In the university and other institutions entrusted with preserving and transmitting the cultural capital of our civilization, kindred deformations are at work. Pseudo-scholarship propagated by a barbarous reader-proof prose and underwritten by adolescent political animus is the order of the day. The New Criterion sallied forth onto this cluttered battlefield determined not simply to call attention to the emperor’s new clothes, but to do so with wit, clarity, and literary panache. We acknowledge that these have been hard times for the arts of satire and parody. With increasingly velocity, today’s reality has a way of outstripping yesterday’s satirical exaggeration. Nevertheless, The New Criterion has always been distinguished by its effective deployment of satire, denunciation, and ridicule–all the astringent resources in the armory of polemic. But The New Criterion is not only about polemics. An equally important part of criticism revolves around the task of battling cultural amnesia. From our first issue, we have labored in the vast storehouse of cultural achievement to introduce, or reintroduce, readers to some of the salient figures whose works helped weave the great unfolding tapestry of our civilization. Writers and artists, philosophers and musicians, scientists, historians, controversialists, explorers, and politicians: The New Criterion has specialized in resuscitating important figures whose voices have been drowned out by the demotic inanities of pop culture or embalmed by the dead hand of the academy.
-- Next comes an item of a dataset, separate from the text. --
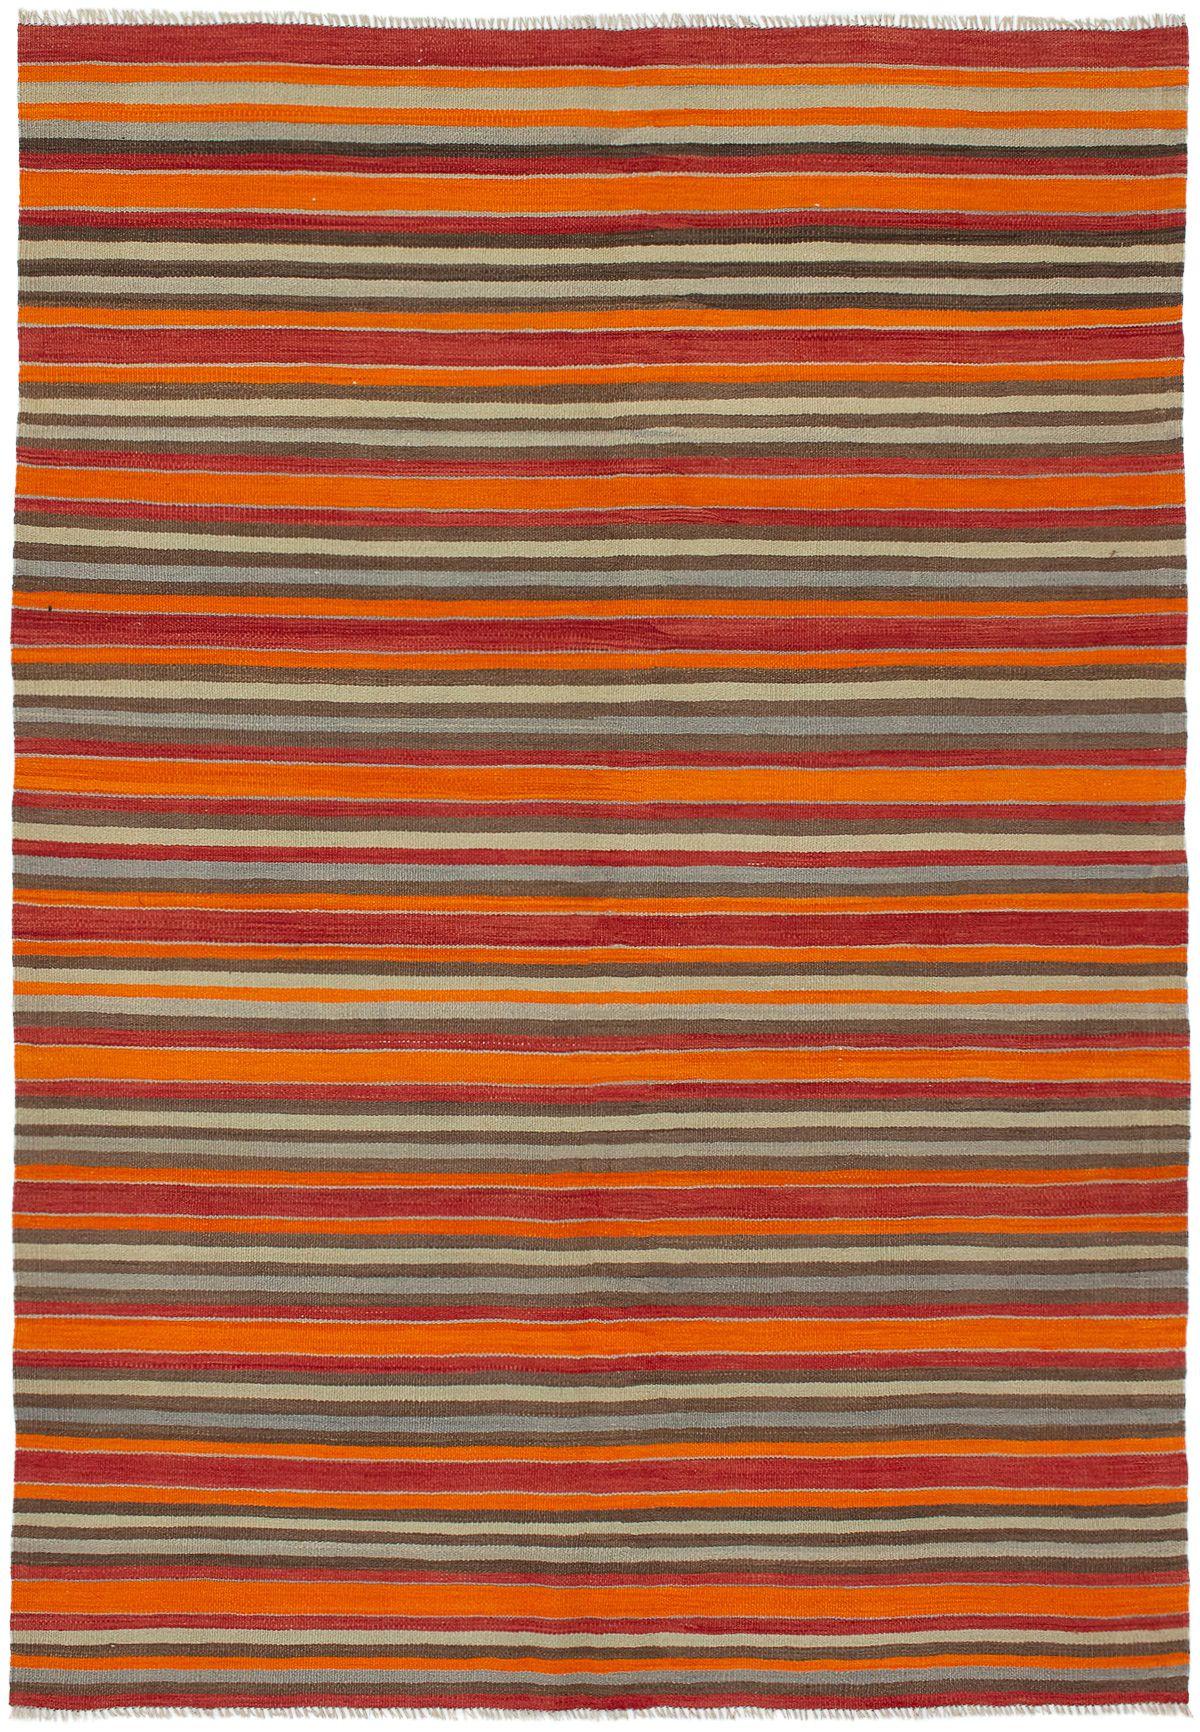 "Hand woven Bohemian Orange Wool Kilim 6'0"" x 8'7"" Size: 6'0"" x 8'7"""

It is worth noting that our interest in these matters has never been merely aesthetic. At the beginning of The Republic, Socrates reminds his young interlocutor, Glaucon, that their discussion concerns not trifling questions but “the right conduct of life.” We echo that sentiment. The New Criterion is not, I hope, a somber publication; but it is a serious one. We look to the past for enlightenment and to art for that humanizing education and ordering of the emotions that distinguish the man of culture from the barbarian.

The New Criterion is often described as “conservative” and praised or disparaged according to the political coloration of the speaker. In fact, we are a liberal publication, understanding the term “liberal” in the sense that Russell Kirk used it when he observed that he was a conservative because he was a liberal. “Conservative”: that means wanting to conserve what is worth preserving from the ravages of time and ideology, evil and stupidity. In some plump eras, as Evelyn Waugh observed in one of his essays, the task is so easy we can almost forget how necessary it is. At other times, the enemies of civilization transform the task of preserving culture into a battle for survival. That, we believe, is where we are today. And that is one reason that The New Criterion‘s effort to tell the truth about culture is as important today as it was in 1982. Counterpoints is a wide-ranging record of The New Criterion’s contribution to this imperative task.